Sri Aurobindo’s samadhi is even farther away, in Pondicherry, in South India. You can reach it from Madras by taking a bus or a taxi. Inside a fairly unostentatious French style villa, you come across a raised platform which houses his remains. This is always covered in flowers and beautifully decorated. Above it, there is a white canopy to keep off the bird droppings. The courtyard of the house has many trees and is surrounded by buildings. In one of these, Sri Aurobindo lived most of last twenty-five years his life, confined to a few rooms on the first floor. He never left those premises and showed himself only rarely to people for a darshan. What he was trying to accomplish was nothing short of a transformation of human consciousness. His partner in this endeavour, The Mother, who outlived him by almost twenty-five years, is also buried next to him in that twin samadhi. The shrine is the hub of all the activities in a very modern ashram. It is, indeed, a living space, integrated into the lives of thousands of ashramites and visitors. As such, of all the graves we have visited, it is the most active one. Thousands of people queue up to visit this samadhi each day, to bow or kneel before it, to offer it flowers, to meditate around it. Those who believe claim that they feel very palpably the force of Sri Aurobindo and the Mother emanating from it.

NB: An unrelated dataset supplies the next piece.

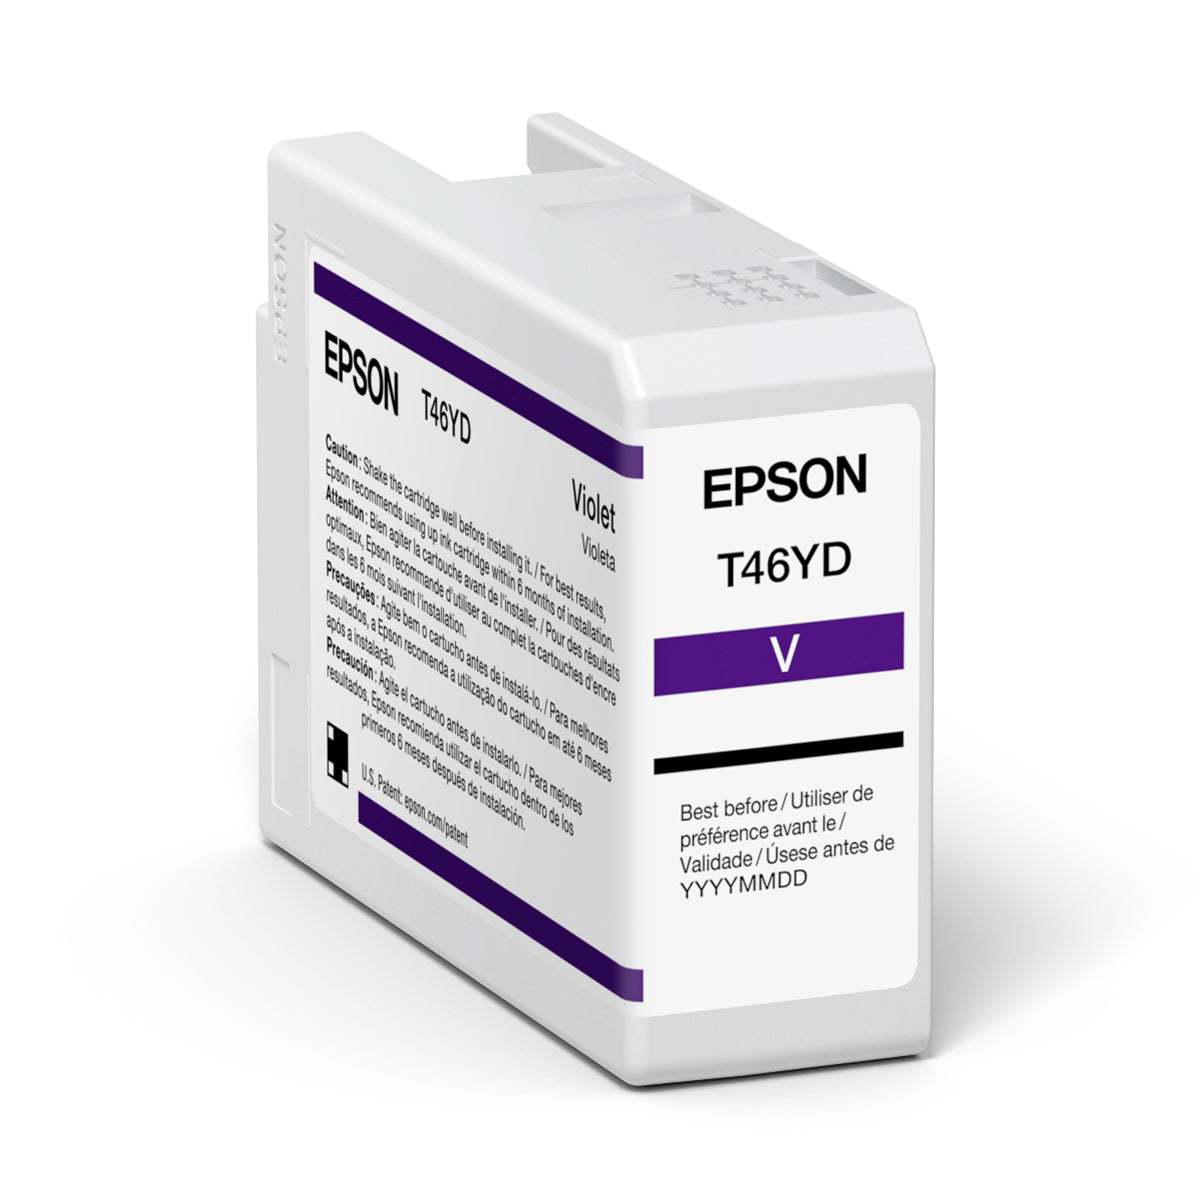 Epson T46YD00 P900 Ultrachrome HD Violet Ink

From William Jones to Sri Aurobindo is a long way. In the 150years or more that elapsed from the death of the former to that of the latter, India itself changed irrevocably. When Jones died, the challenge before India was nothing short of a cultural death or subjection, besides material and mental subordination under colonialism. But by the time Sri Aurobindo left his body in 1950, many of these challenges had been met and exceeded. India reengineered itself on an unprecedented scale, even becoming a modern nation in the process. That this nation is functioning democracy that feeds about 20% of the world’s population is only one aspect of its achievement. That it has survived culturally and spiritually, in addition to prospering materially and scientifically is even more remarkable. Whether we appreciate it or not, there was a widespread turmoil and alteration of Indian society in the 19th century that paved the way to this transition. Whether or not it was a renaissance is questionable, but it did open up the avenues to the progress of Indian society so that India itself has moved ahead to recapture the means to study and disseminate its own culture. From colonialism to nationalism and beyond—such is the trajectory of our ongoing journey. The future beckons to us, inviting us to be the protagonists of our own narratives. This is certainly one of the legacies of the Indian renaissance.
- Note: An earlier version of this paper was delivered as the Hamid Lakhani Lecture, Department of English,Saurashtra University, Rajkot, on 20th March 2003 and published as “Sri Aurobindo’s ‘The Renaissance in India’” in Critical Practice, 10.2: (June 2003): 74-86.